Downtown Los Angeles streets on Sunday. The economic damage from the coronavirus crisis would depend not just on how high unemployment goes in the next month or two, but how long it stays there.

Photo: Allison Zaucha for The Wall Street Journal

The U.S. economy has suffered a body blow with no modern precedent. Unemployment, just 3.5% in February, could top 10% in coming months, higher than its peak in the 2008-09 recession. Some see it surpassing 20% soon, levels unseen since the Great Depression.

But it isn’t a foregone conclusion that this must wreak as much damage as the great recession, much less the depression. That would depend not just on how high unemployment goes in the next month or two, but how long it stays there. That, in turn, depends on two things: how long it takes health officials to stop the novel coronavirus pandemic, and whether businesses and workers, with the aid of government, can stay afloat in the meantime.

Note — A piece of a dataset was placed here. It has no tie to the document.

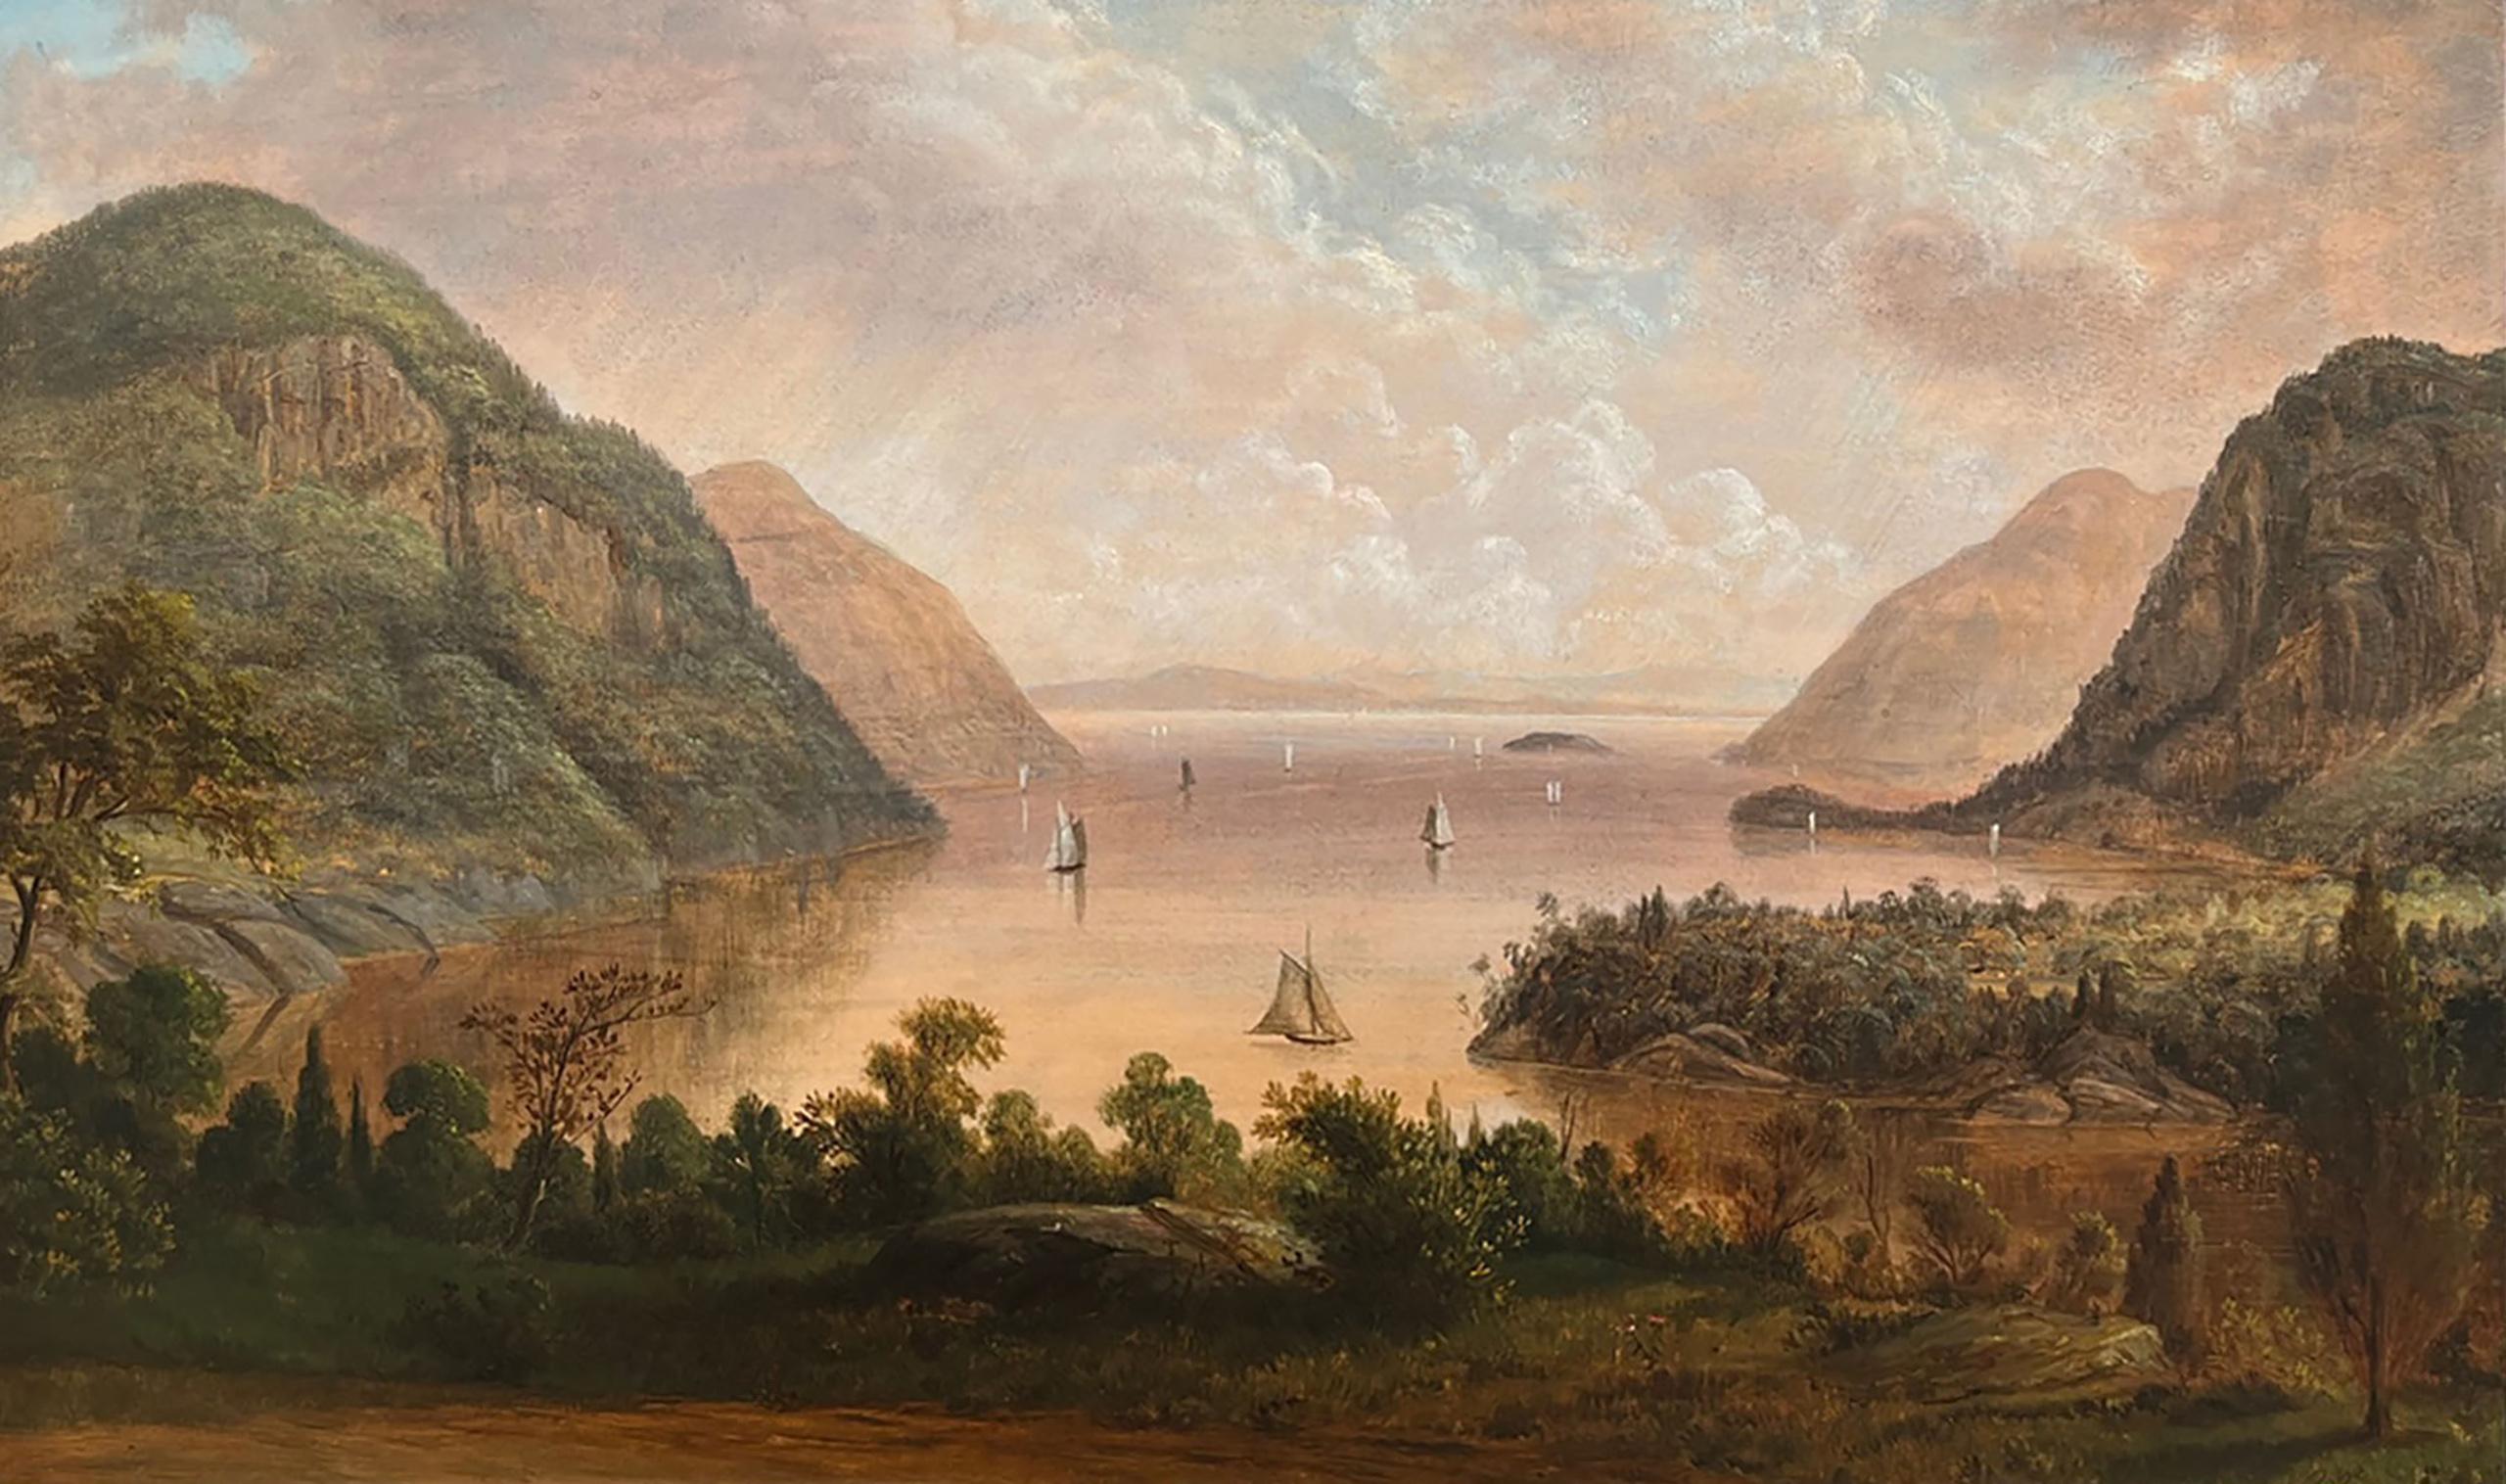 Highlands - Hudson River von West Point aus von Thomas B. Pope (Amerikaner, 1834-1891) – Painting von Thomas Benjamin Pope

This isn’t like other recessions, in which businesses and consumers are unwilling to spend. This time they are unable to spend. It resembles a natural disaster such as a hurricane that closes an entire affected region. Businesses and employees typically treat a natural disaster as transitory and pick up afterward where they left off. The difference is that this one is shutting down most of the country, potentially for months. The longer it drags on the more businesses will fail and the more temporary layoffs become permanent, with knock-on effects on spending and employment that become difficult to reverse.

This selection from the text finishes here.